■ What the exercise asks
Apart from the images, reproduce all of the data word for word.
Top of Stored data
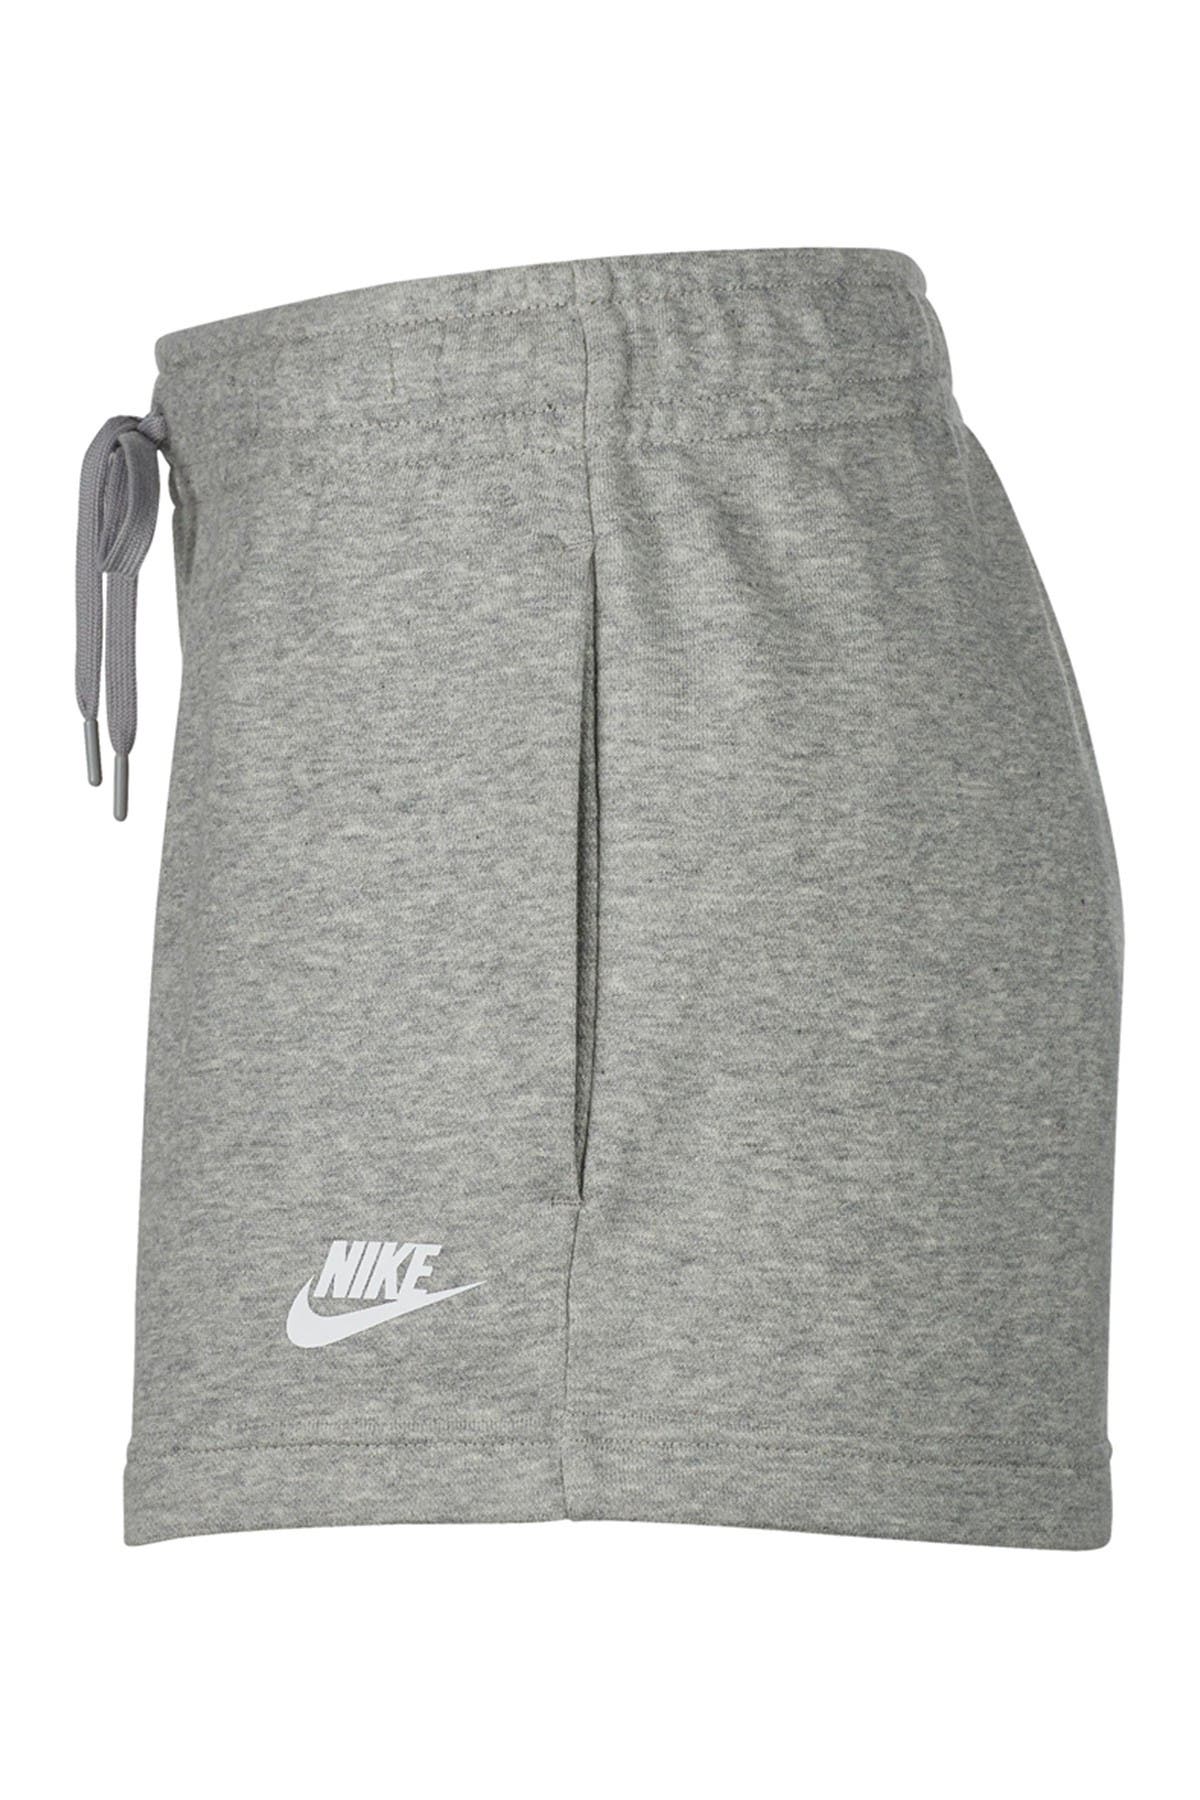 Nike | Sportswear Club Fleece Shorts | Nordstrom Rack
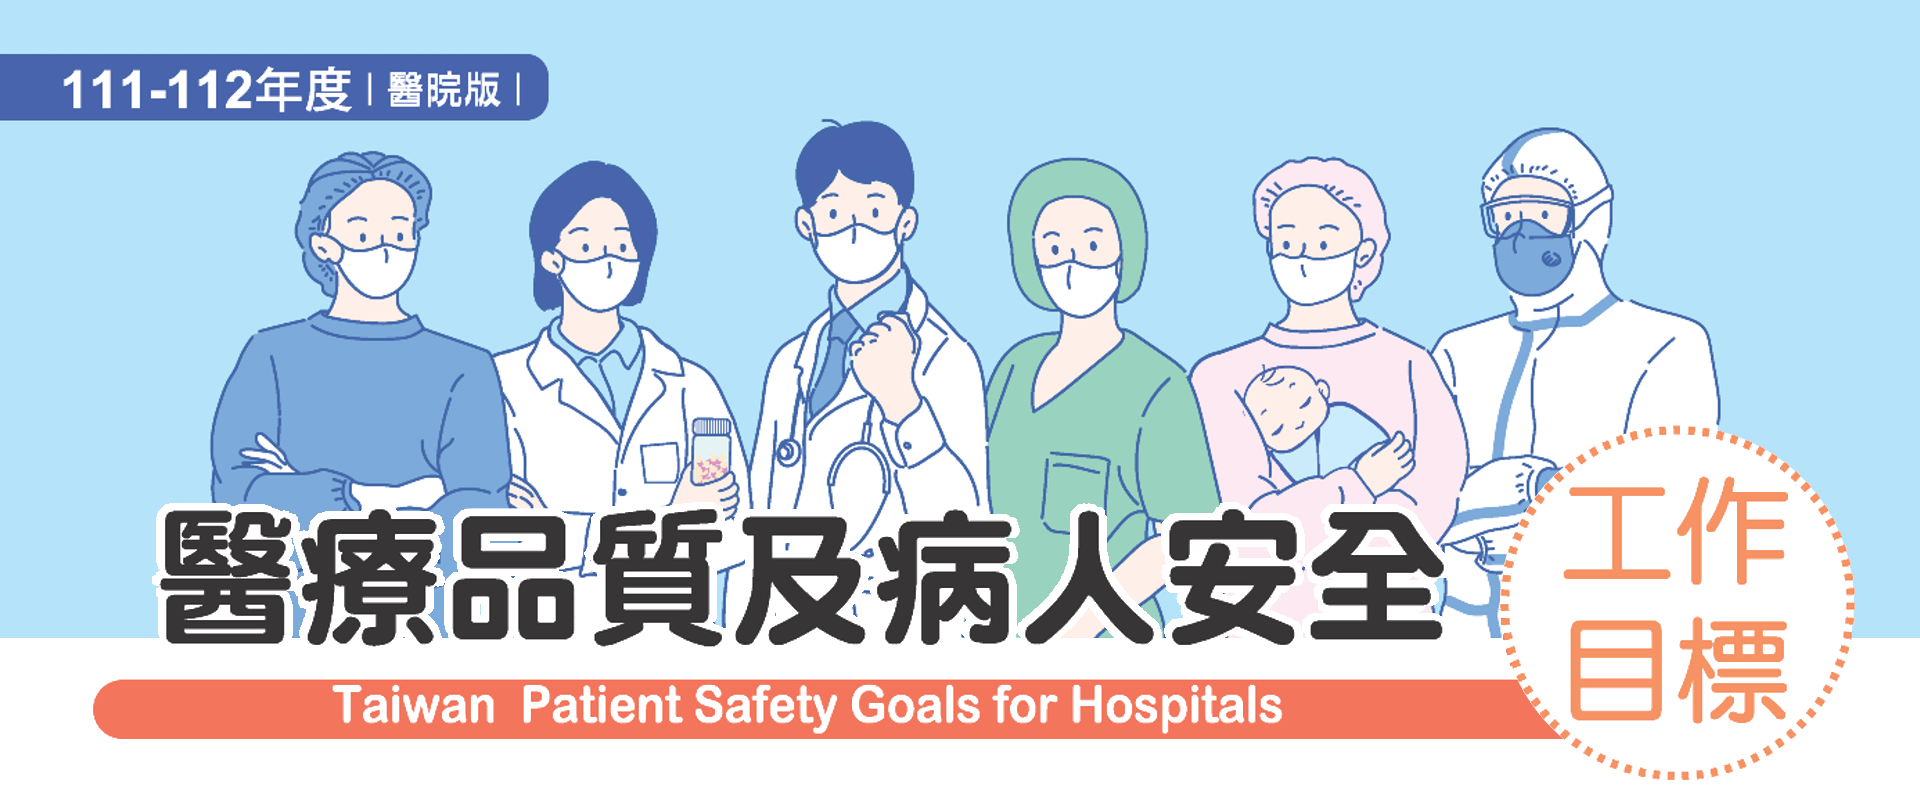 111-112年醫院病人安全年度目標
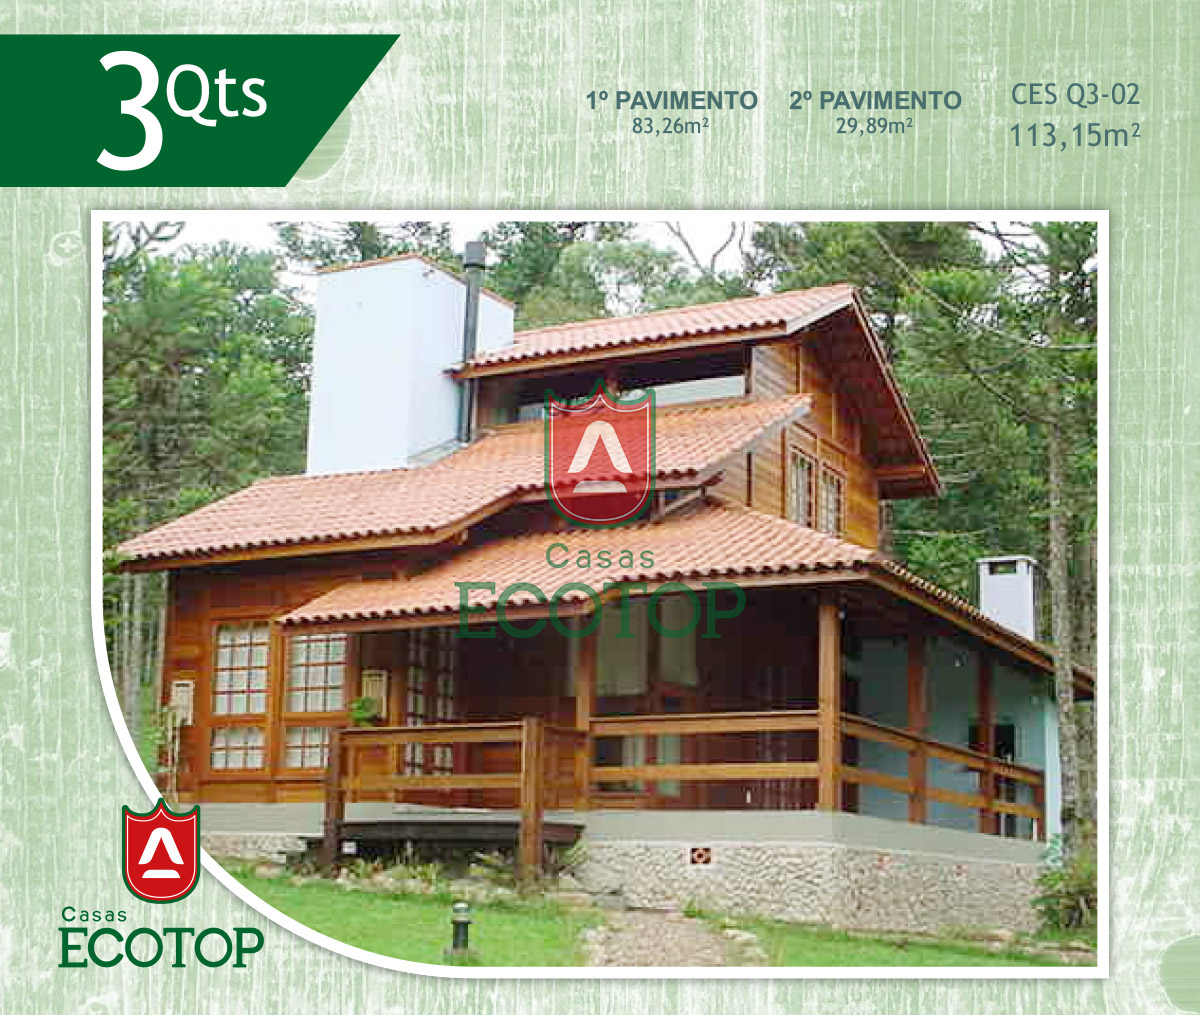 ces-02-fachada-casas-de-madeira-ecotop.cdr
Bottom of Stored data
■ Answer to this problem
 Nike | Sportswear Club Fleece Shorts | Nordstrom Rack
 111-112年醫院病人安全年度目標
 ces-02-fachada-casas-de-madeira-ecotop.cdr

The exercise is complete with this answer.